Bezos explained, “If you have a really good idea, stick to it, but be flexible on how you get there. Be stubborn on your vision but flexible on the details.” Executives at other companies tended to lay out definitive plans. But Bezos urged his people to be adaptable. “People who are right a lot change their mind,” he once said. “They have the same data set that they had at the beginning, but they wake up, and they re-analyze things all the time, and they come to a new conclusion, and then they change their mind.”
This is something that reminds me of Angus Hervey’s call to ‘Hold on tightly and let go lightly’.
In addition to this, there is a ‘Day One Thinking’ when it comes to leadership:
A willingness to treat every morning as if it were the first day of business, to constantly reëxamine even the most closely held beliefs. “Day Two is stasis,” Bezos wrote, in a 2017 letter to shareholders. “Followed by irrelevance. Followed by excruciating, painful decline. Followed by death. And that is why it is always Day One.”
An example of such relentless mentality is where the failure of the Fire Phone is pivoted to the success of the Echo voice activated devices.

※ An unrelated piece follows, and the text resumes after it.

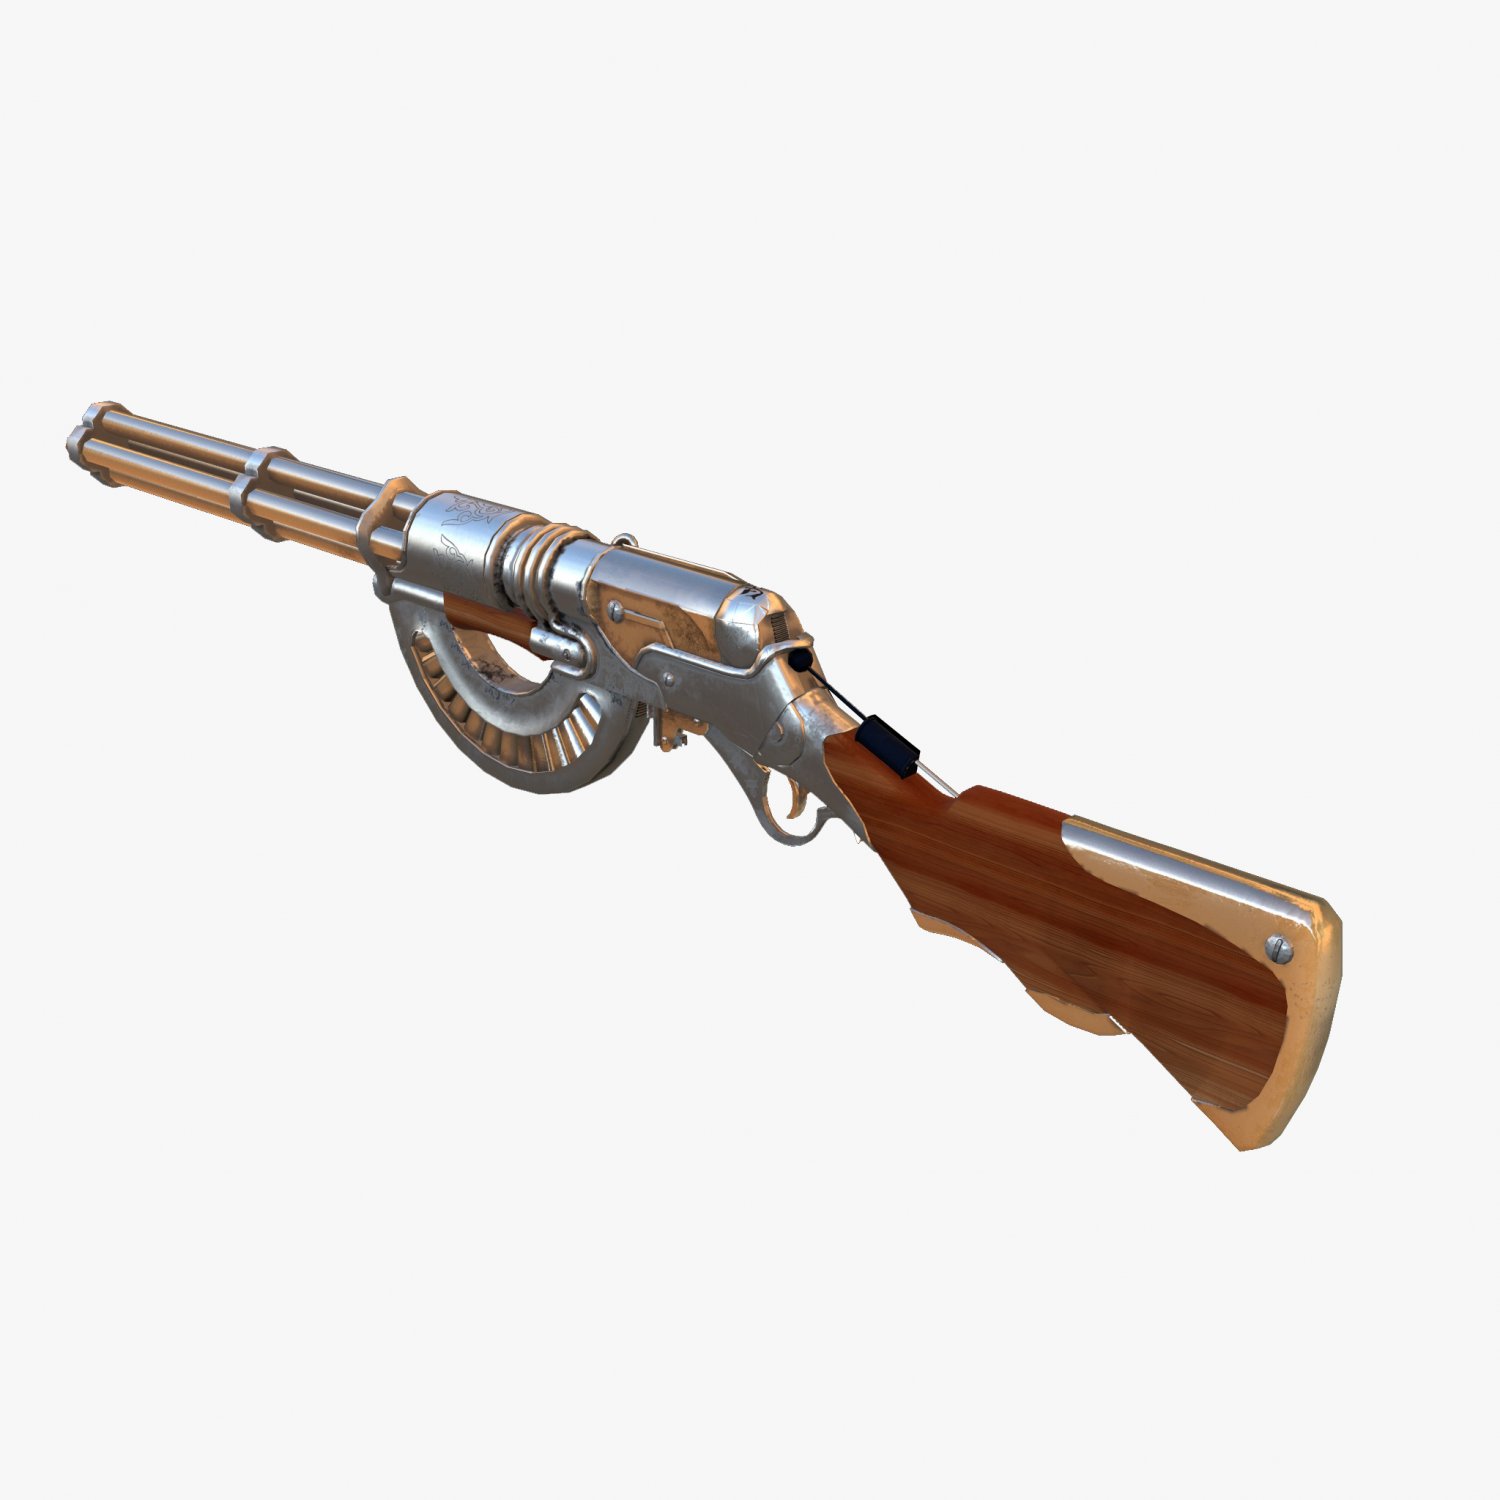 steampunk carbine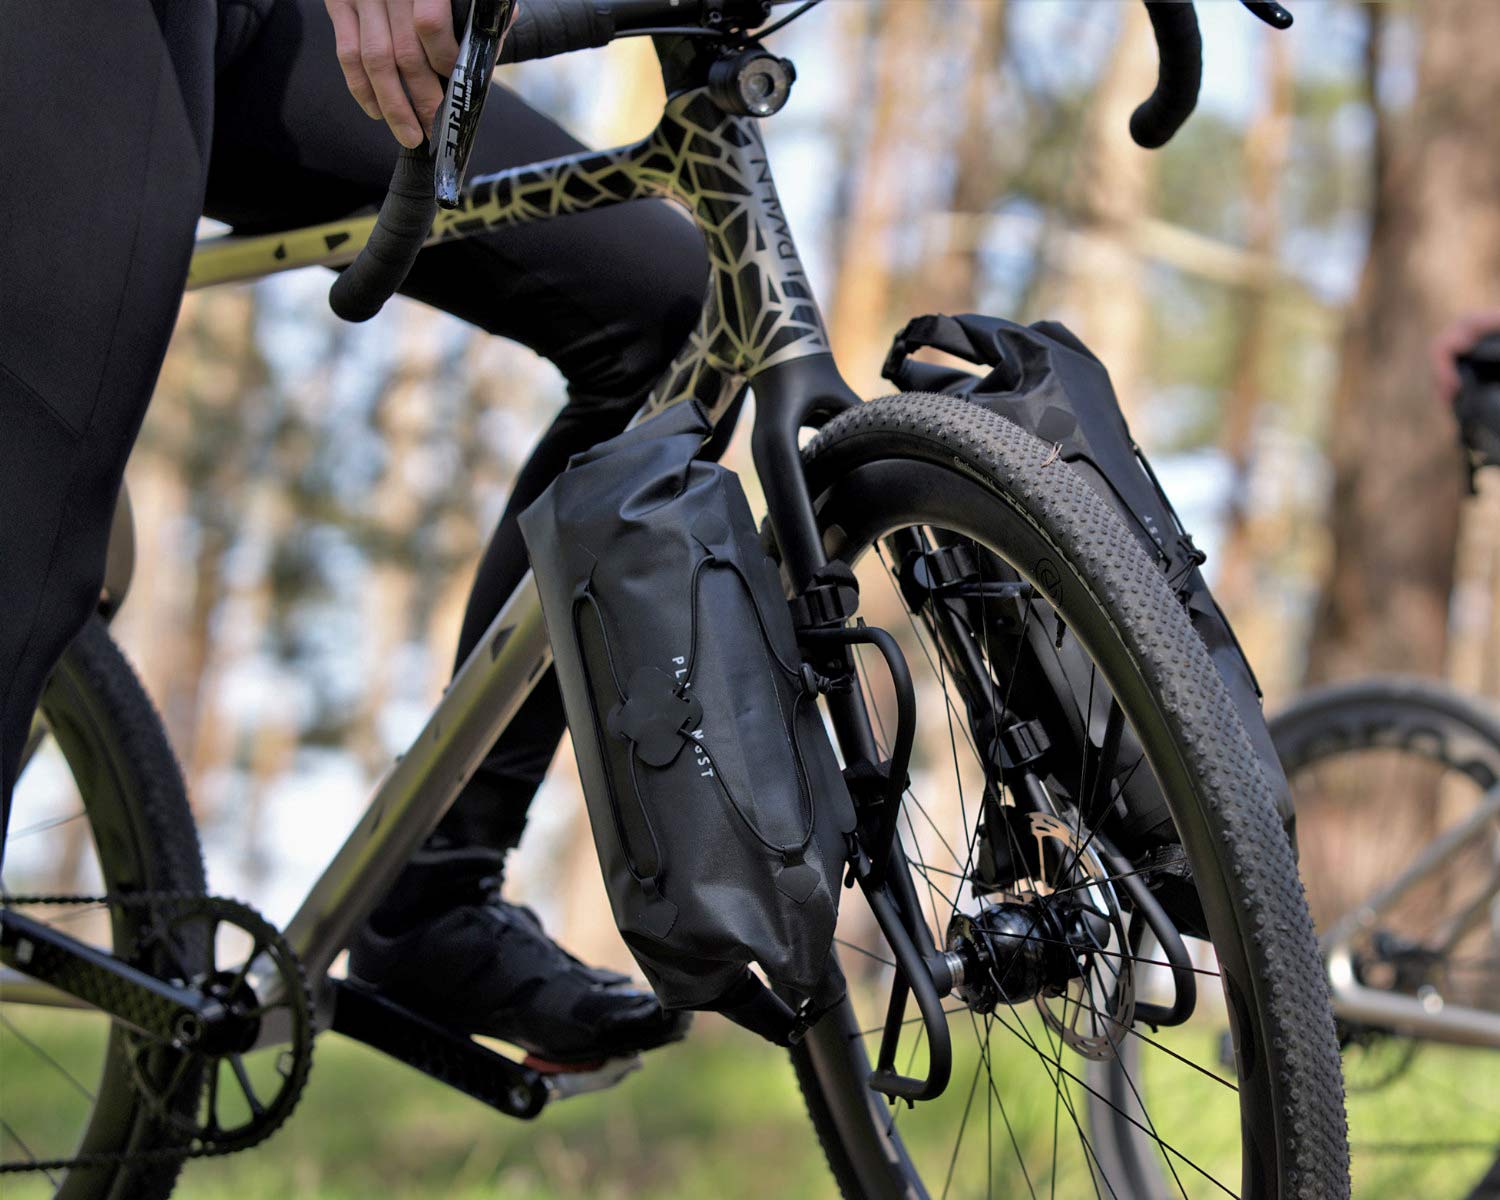 Urwahn Acros EDT gravel bike, limited edition 3D-printed steel no-seattube gravel road adventure bike, bikepacking fork

On the flipside of all this is the reality of working within it, especially as a warehouse worker or a delivery driver. As well as the problem of ‘process’ with the many of the challenges that come with this:
Amazon is the shopping mall now, and, normally, if you open a store in a shopping mall, you can expect certain things—like the mall operator will clean the hallways, and they’ll make sure Foot Locker isn’t right next door to Payless, and if someone sets up a kiosk in front of your store and starts selling fake Air Jordans, they’ll kick them off the property.” He continued, “But Amazon is the Wild West. There’s hardly any rules, except everyone has to pay Amazon a percentage, and you have to swallow what they give you and you can’t complain.”
One criticism is that the company is able to track which products are successful and is then produces copies sold under the Amazon Prime brand. They also fail to properly regulate manufacturers selling forgeries.
This seems to be all coming to head, with many questioning the current anti-trust laws. For Duhigg, this is similar to rise of General Motors in the 1930’s and the challenges that they also faced. However, the company is pushing back.
Interestingly, although the piece mentions Amazon Web Services, there is little mention of ICE or home surveillance. However, it offers a great starting point for considering the place of Amazon in our lives today.